Я говорила все громче и злее.
— Ты что, бросала монету? Или оставила себе ту, которая меньше плакала? Как вообще может мать поступить так?
— Я хотела сделать, как лучше.
— Не смей так говорить…
— Я считала, что делаю, как лучше, — повторила она.
Она сидела в кресле, склонив набок голову и безвольно соединив руки. Мне захотелось подойти и встряхнуть ее.
— Даже не надейся на то, что она уйдет. Она — часть нашей жизни, независимо от того, хотим мы этого или нет.
— Уже слишком поздно менять что-либо, Кэти. Ты знаешь, что она из себя представляет. Она просто уничтожит нас.
— Ты думаешь только о себе!
— Нет. Я думаю о тебе и вещах, которые она сделала.
Невероятно, но я стала защищать Женевьеву.
— Может, она не справляется сама. Ты никогда не давала ей шанс…
Мама не возражала.
— Ты права, Кэти, все было так, как ты сказала: либо ты, либо она, и выбор был очень тяжелым.
— Даже и не надейся, что я сейчас начну благодарить тебя за то, что ты выбрала меня, — презрительно ответила я.

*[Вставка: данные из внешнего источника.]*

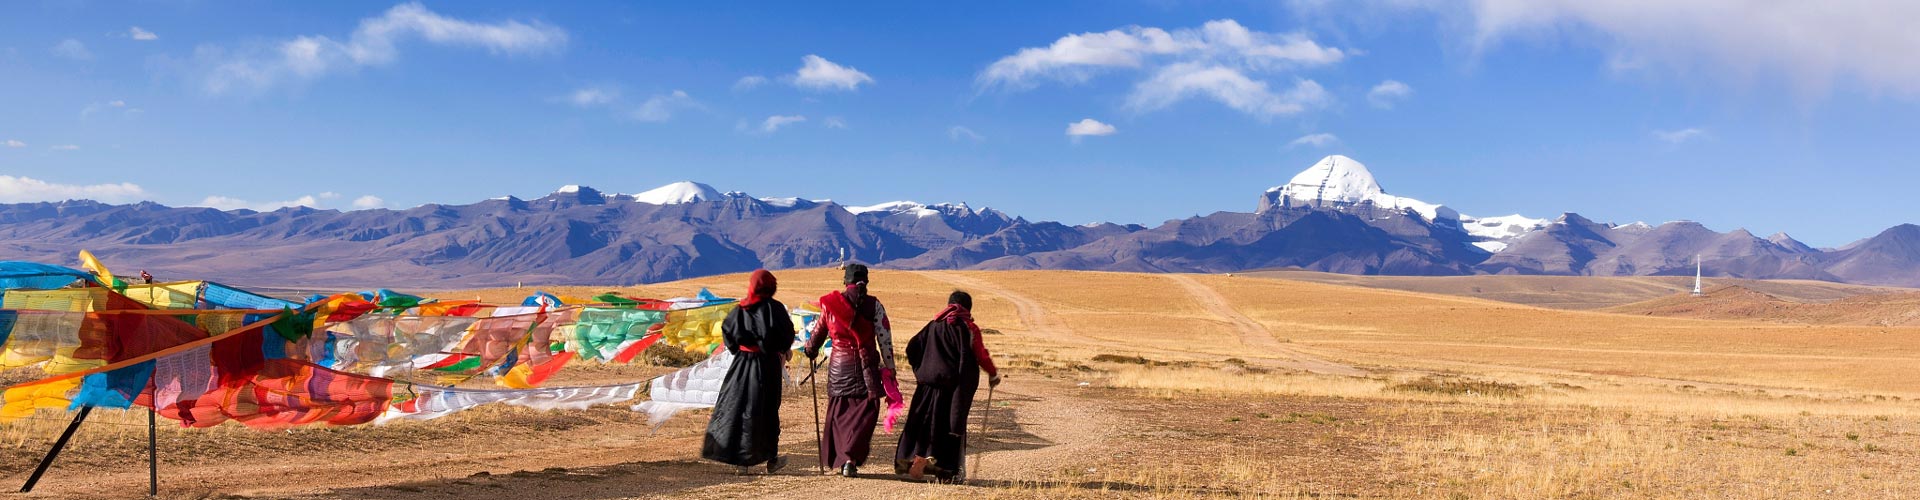 Tibet Trekking Tours
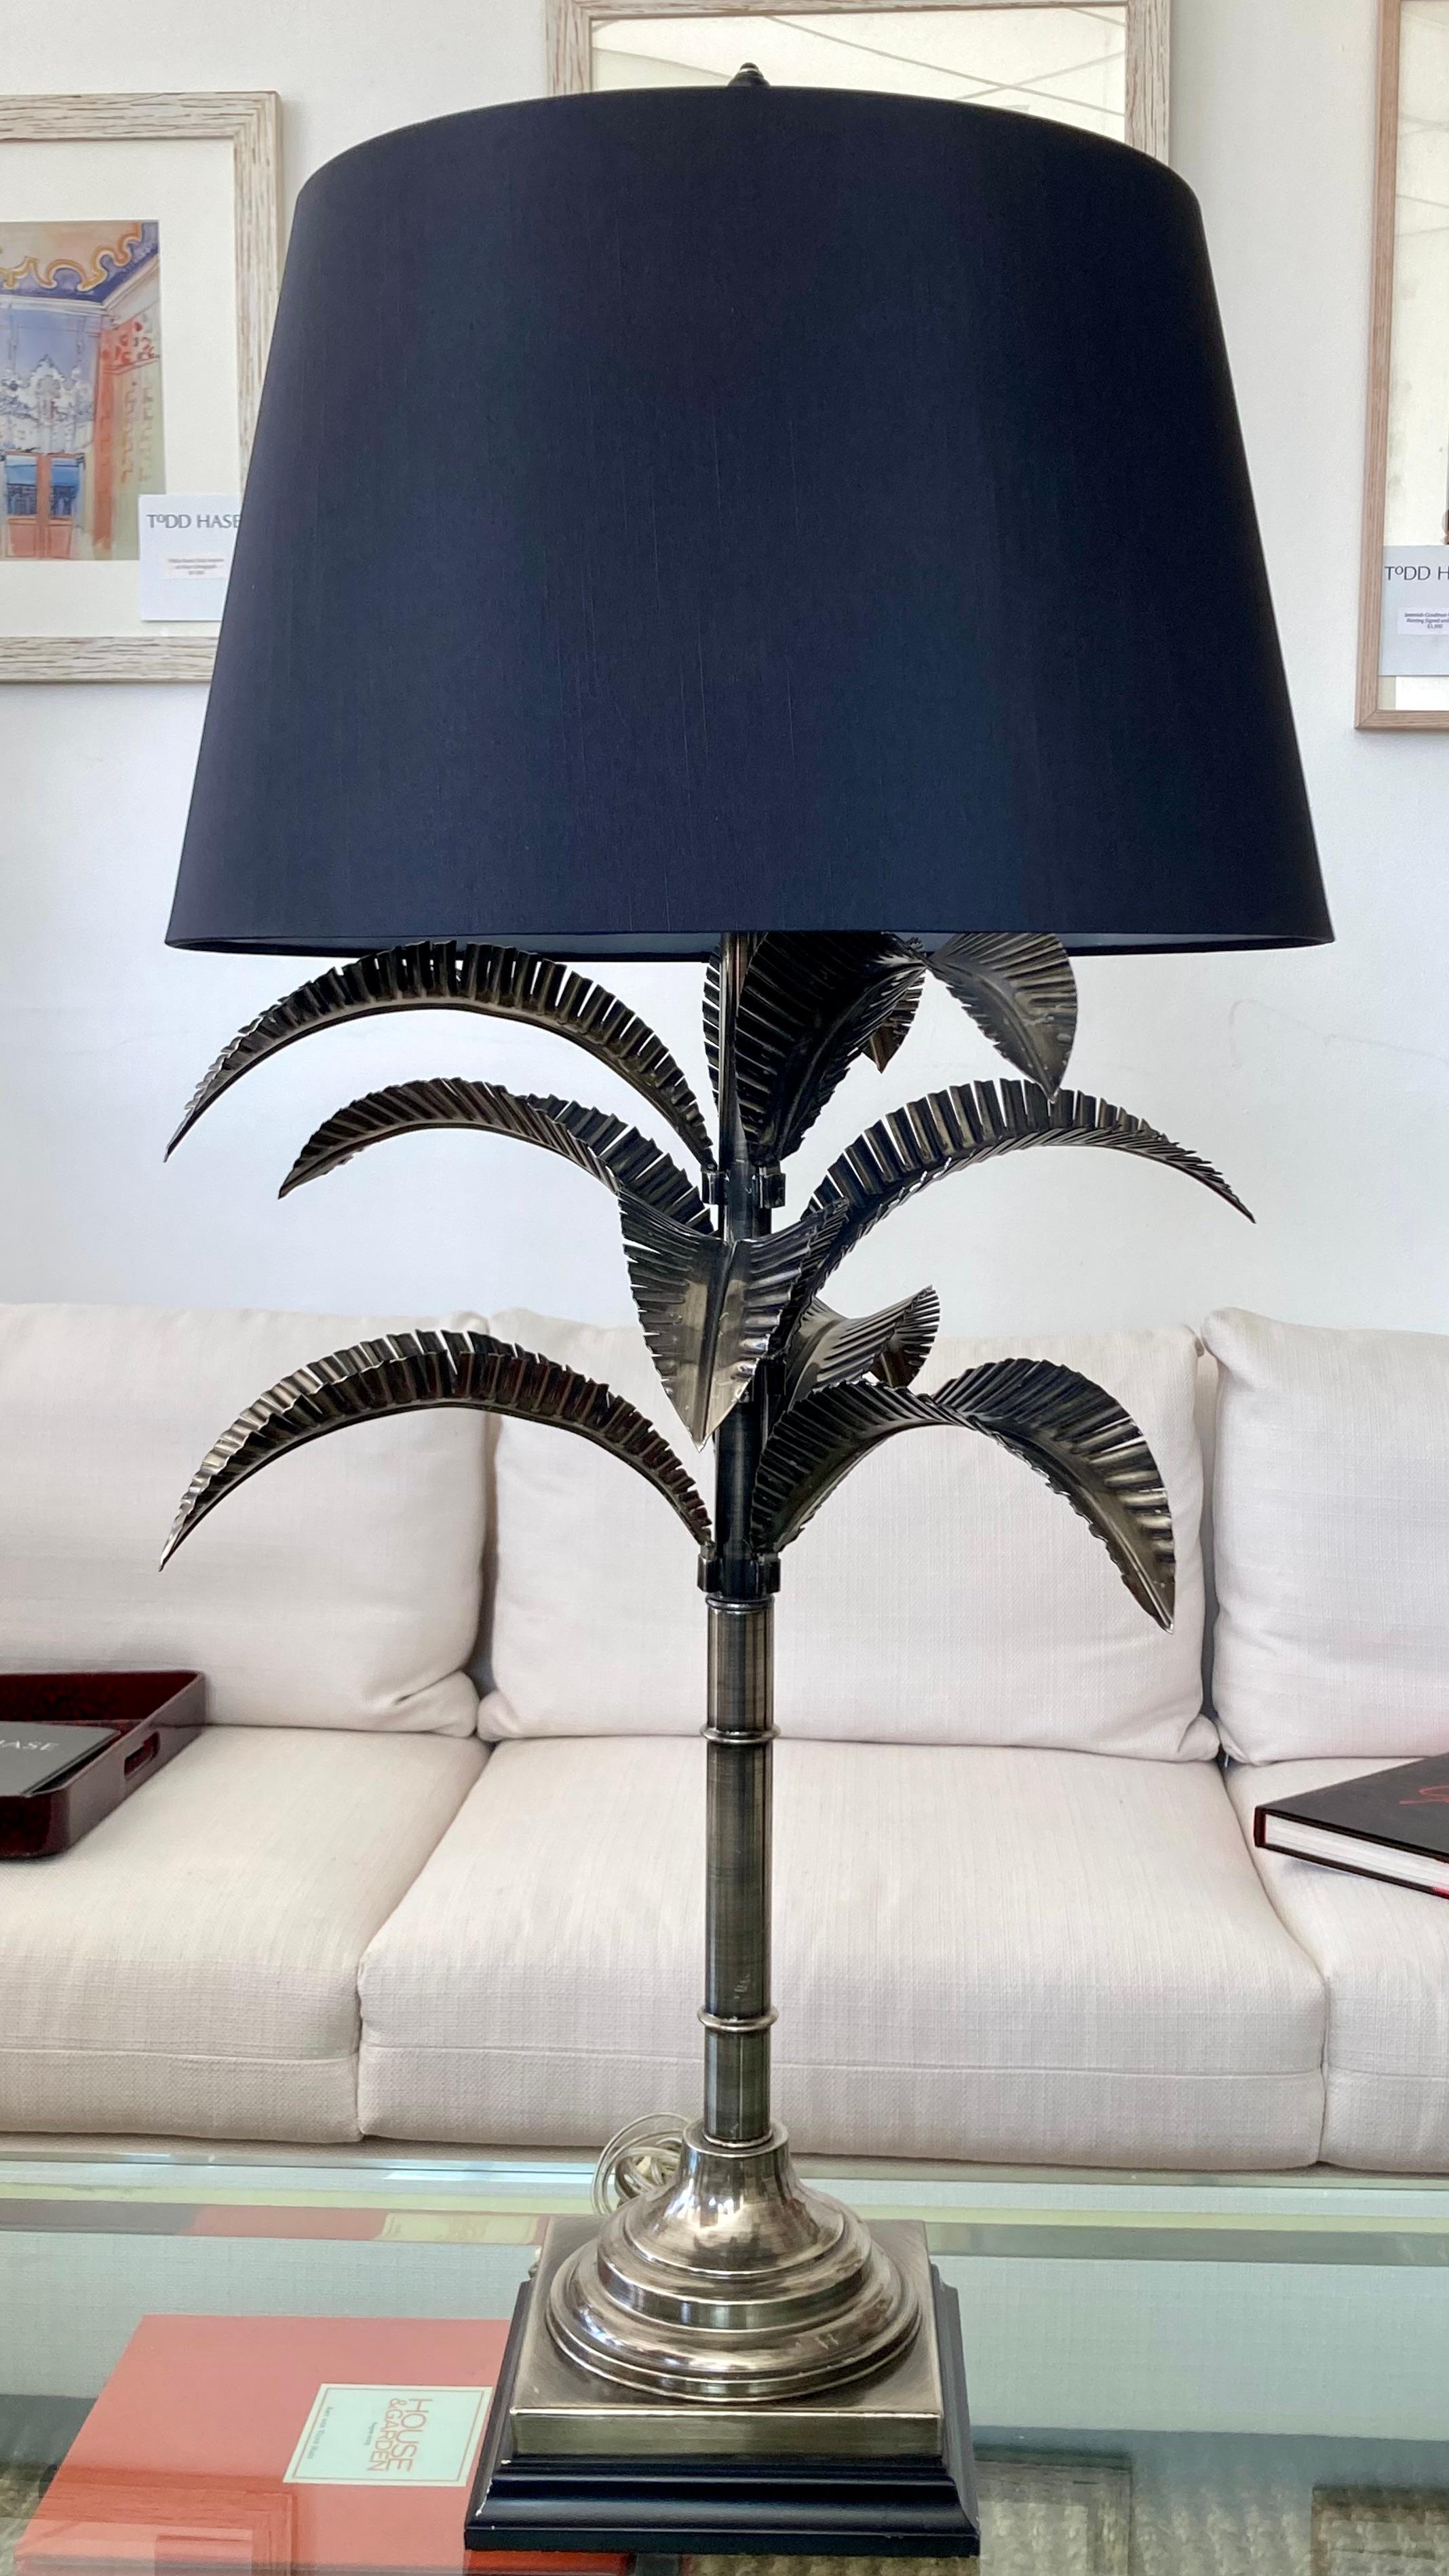 Magnifique lampe de table classique Jansen en métal avec palmier et abat-jour d'origine. Un excellent complément à vos intérieurs et pièces inspirés de Jansen.

Она пристально смотрела на меня где-то минуту и затем опустила глаза.
— Я не ожидала никакой благодарности, но… теперь, когда ты все знаешь…
— Я ничего не хочу слышать! — закричала я.
Мама грустно замолкла, но я не могла побороть в себе желание как следует наказать ее.
— И ты придумала всю эту историю с наркоманкой, жившей по соседству. Это просто чудовищно!
Ее лицо из бледного стало пепельно-серым, и на нем отражались сразу и шок, и обида, и стыд, но мое сердце не дрогнуло.
— Я тебе не врала, — смогла только вымолвить она.
— Конечно, ты соврала, ты и сейчас врешь. Вся моя жизнь — это сплошное вранье.
Я поднялась на ноги, собираясь уйти.
— Не уходи, на самом деле все не так, как ты думаешь, — попросила она. — Я расскажу тебе правду, Кэти. Всю правду.
Я с треском захлопнула дверь гостиной и бурей вылетела на улицу. Сначала я подумала, что она может пойти за мной, и несколько раз оглянулась, но она осталась дома. Было всего лишь семь утра, и по дороге я встретила только местного молочника на машине с прицепом. Он чуть не свернул шею, когда увидел меня в вечернем платье, но потом улыбнулся и погромыхал дальше. Теперь осталось только одно место, в которое я могла пойти, и я твердо это знала. Перестроенный амбар стоял на окраине города на полуакре земли, где хватило бы места для лошади. Я перелезла через ограду и пошла коротким путем через поле, покрытое толстым слоем снега. Подол платья быстро промок и измочалился. Хрупкие атласные туфельки были уничтожены, в них хлюпала вода, мои ноги опасно проскальзывали с каждым шагом и один из каблуков практически сломался. Скоро мне пришлось идти, нелепо задирая ноги вверх, я быстро устала и обрадовалась, когда невдалеке увидела дом. Ворота амбара были заменены большими стеклянными дверями до самой земли, и я увидела Женевьеву, сидящую за столом. Она подняла голову и помахала мне.
— Я знала, что ты придешь, — сказала она так просто, будто ничего и не произошло.
— А я знала, что ты знаешь, что я приду.
Мы впервые за все время знакомства искренне засмеялись, не пытаясь соперничать или подкалывать друг друга.
— Пойдем, — кивком она подозвала меня ближе. — Я дам тебе что-нибудь из своих вещей переодеться.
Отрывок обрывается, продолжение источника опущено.